There is also a S Pedelec upto 28mph. You need a driving license before 2001 or motorcycle CBT. The rest is paperwork and insurance. But if you're going to be riding constantly throughout the year for multi years. A decent bike with power/guards/ racks and factory lights it would be my way to go/

According to reports these S Peds have massively reduced the commuting by car into Berlin. Imagine the time saved, less hassle in towns because your bike can travel as fast, and you can still filter


----------



## Milkfloat (2 Jan 2020)

If you don't maintain and clean an ebike then you would also have to pay out for new parts. Personally, I would stick with mixing between a scooter/125 and your bike, but introduce some cleaning and maintenance.


----------



## CXRAndy (2 Jan 2020)

Milkfloat said:


> If you don't maintain and clean an ebike then you would also have to pay out for new parts. Personally, I would stick with mixing between a scooter/125 and your bike, but introduce some cleaning and maintenance.

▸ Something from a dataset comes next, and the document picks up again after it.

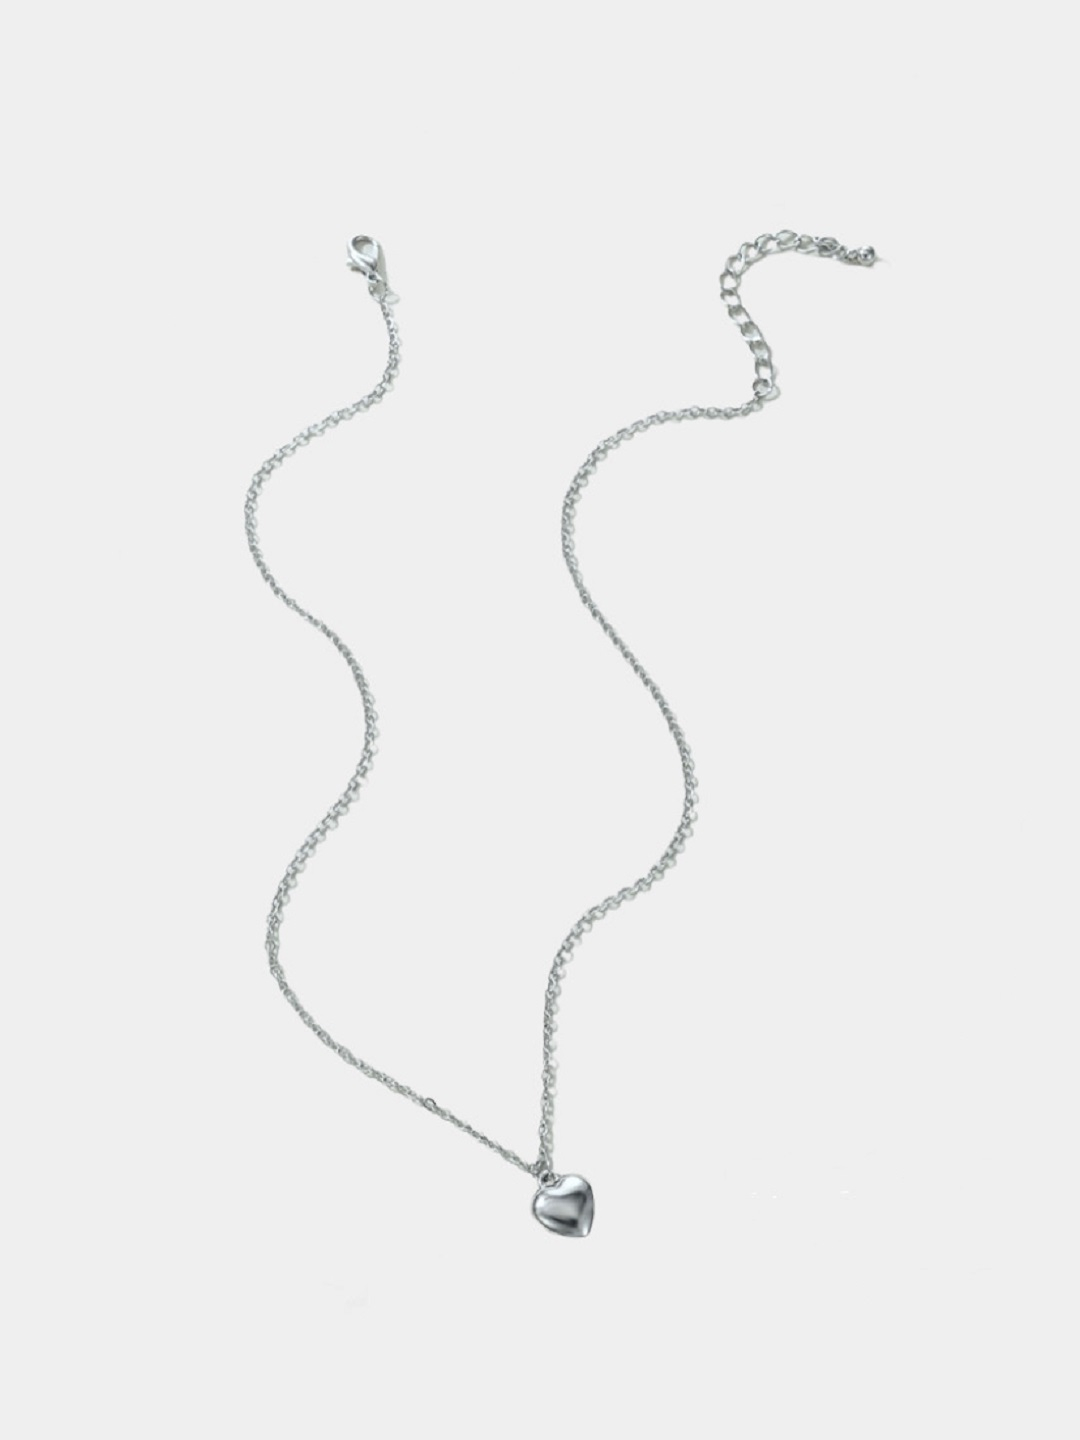 Цепочка с сердечком на шею, женское ожерелье с подвеской купить по цене 129₽ в интернет-магазине KazanExpress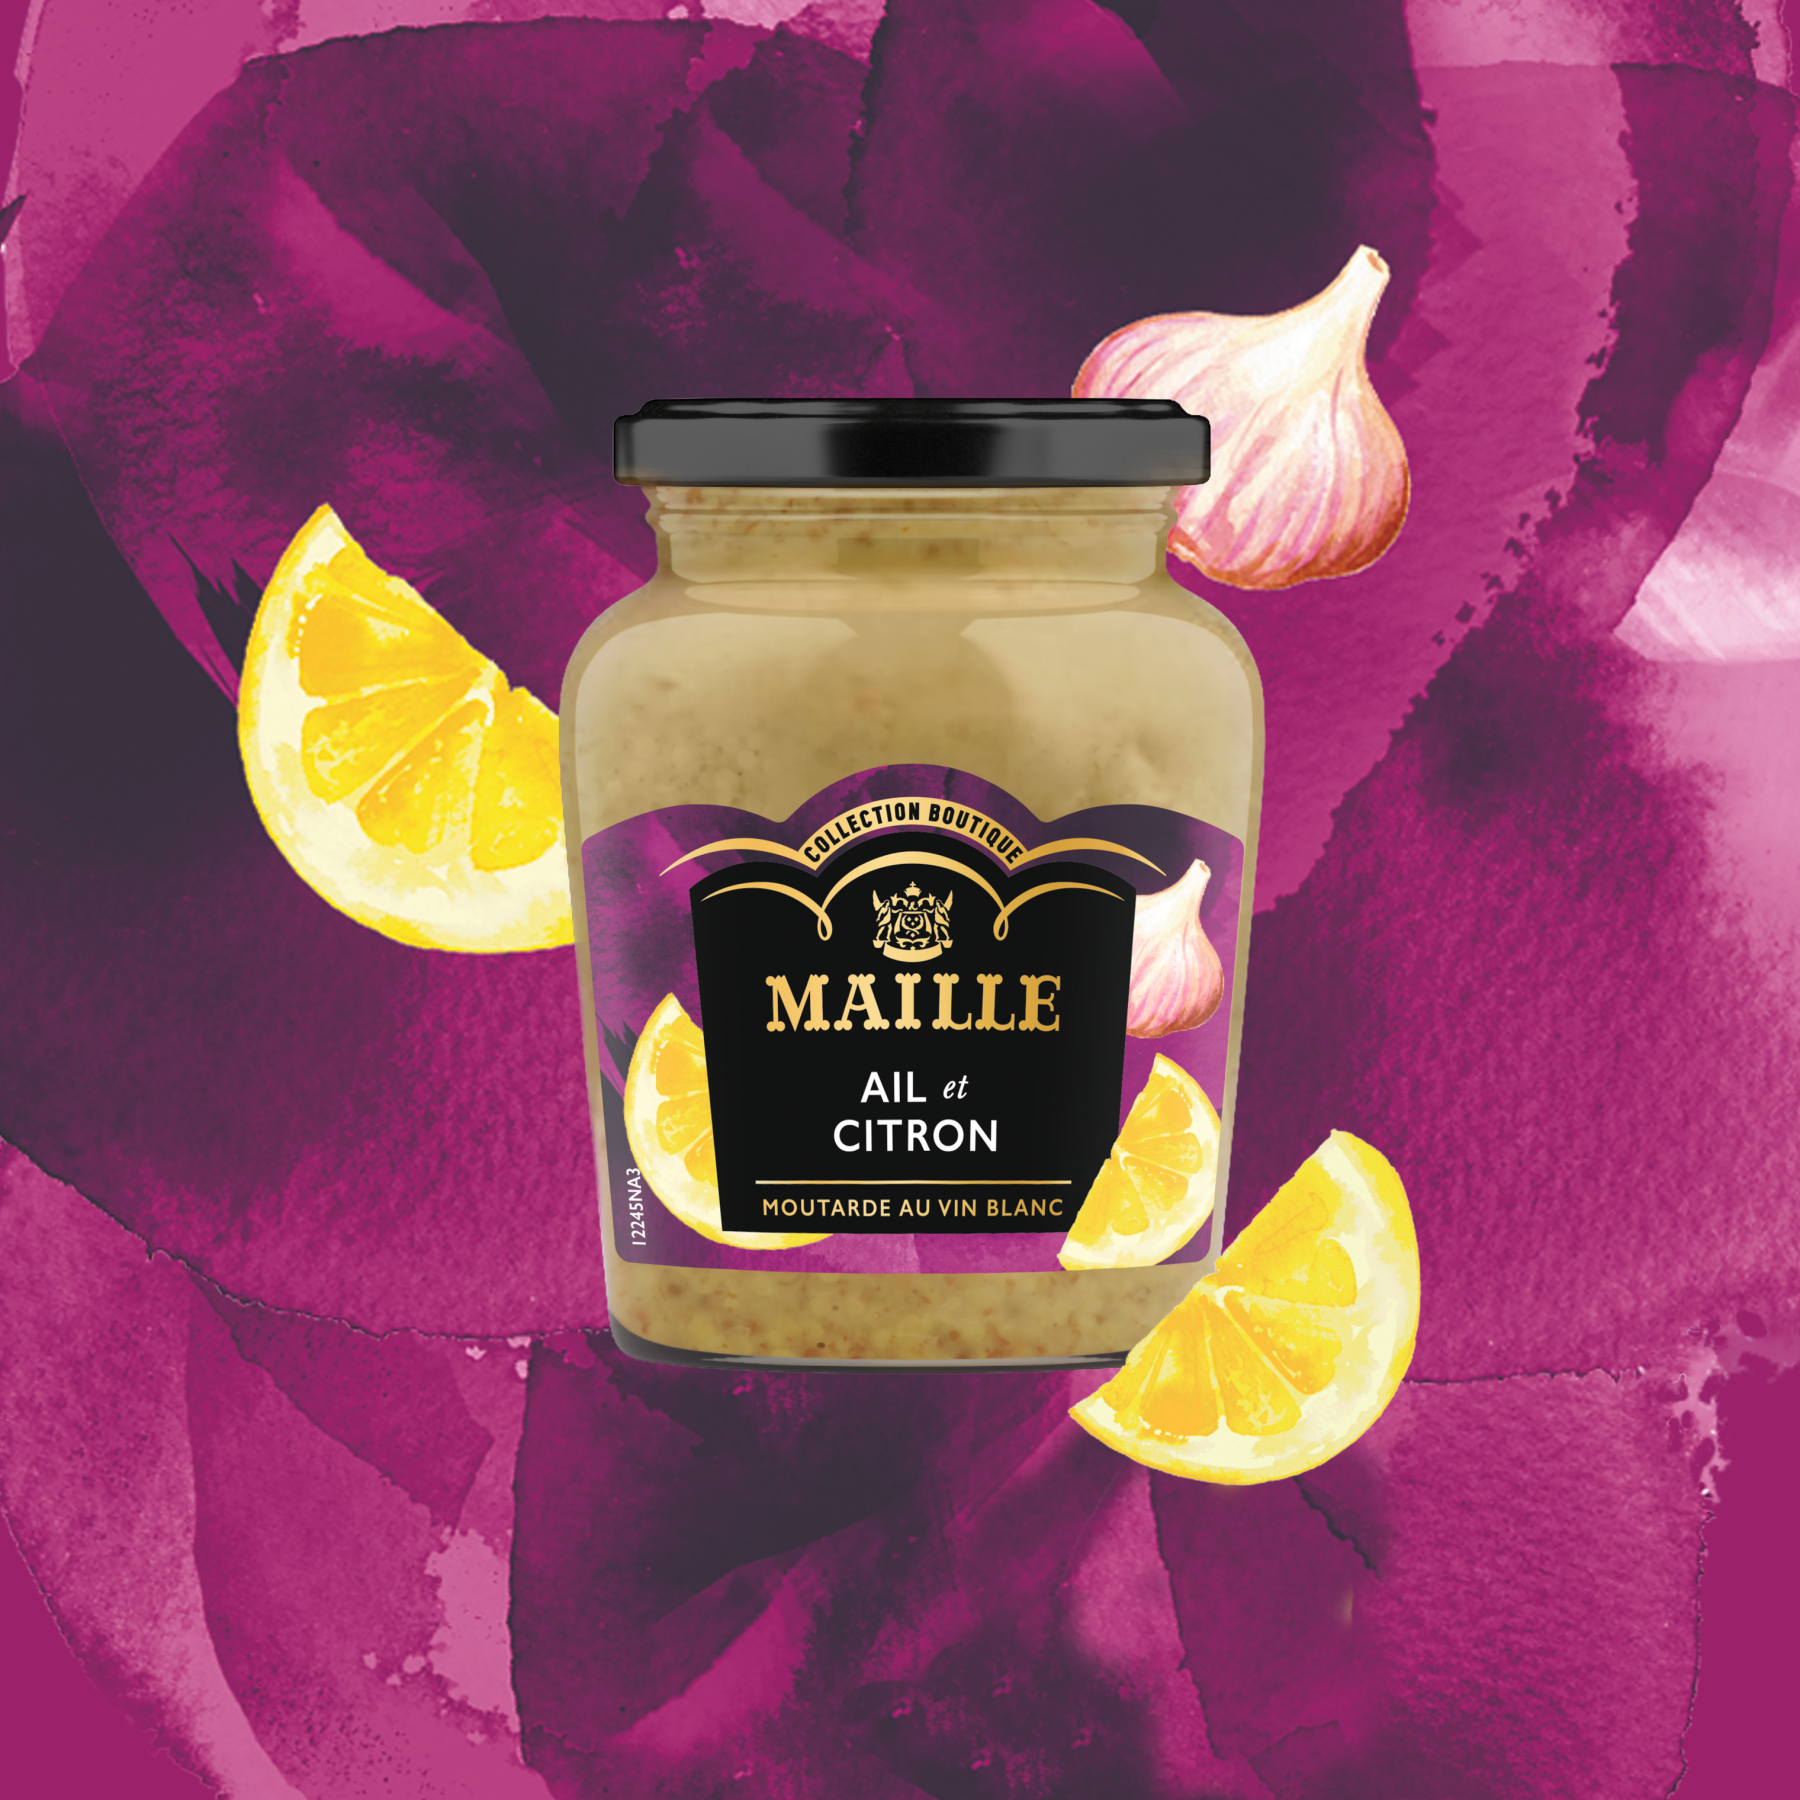 Maille - Moutarde au vin blanc, ail et citron, 108 g, new visual

I dont see any difference between a cycle, ebike or motorcycle, all need to be maintained


----------



## Milkfloat (2 Jan 2020)

CXRAndy said:


> I dont see any difference between a cycle, ebike or motorcycle, all need to be maintained


I totally agree, so why go to the effort of switching to a new bike or even a car?


----------



## CXRAndy (2 Jan 2020)

Milkfloat said:


> I totally agree, so why go to the effort of switching to a new bike or even a car?



In the context of the O/P, using a moped or motorcycle whilst being a little easier to filter in town they emit pollution whilst doing so. Riding and S pedelec will allow the rider to cover distance quickly, emit no tailpipe pollution. 

I'm booking my kids on a CBT course, they have agreed its a useful entitlement. Especially as one lives on the outskirts of London. They are already complaining of the £15/day travel expense.


----------



## rogerzilla (2 Jan 2020)

The cheaper e-bikes just seem to twist and go. They don't bother implementing the pedalling requirement. My father had a Powabyke Salisbury that was like this. It was quite fun.


----------



## Pale Rider (2 Jan 2020)

rogerzilla said:


> The cheaper e-bikes just seem to twist and go



Not so much now since it became illegal to supply a twist and go ebike, although like other ebike regulations, some retailers ignore them.

Twist and go is a bit more complicated because as far as anyone can gather, it's selling, rather than using such a bike that's illegal.

Thus it would be legal to use a non twist and go bike which you bought as such then later fitted a throttle.


----------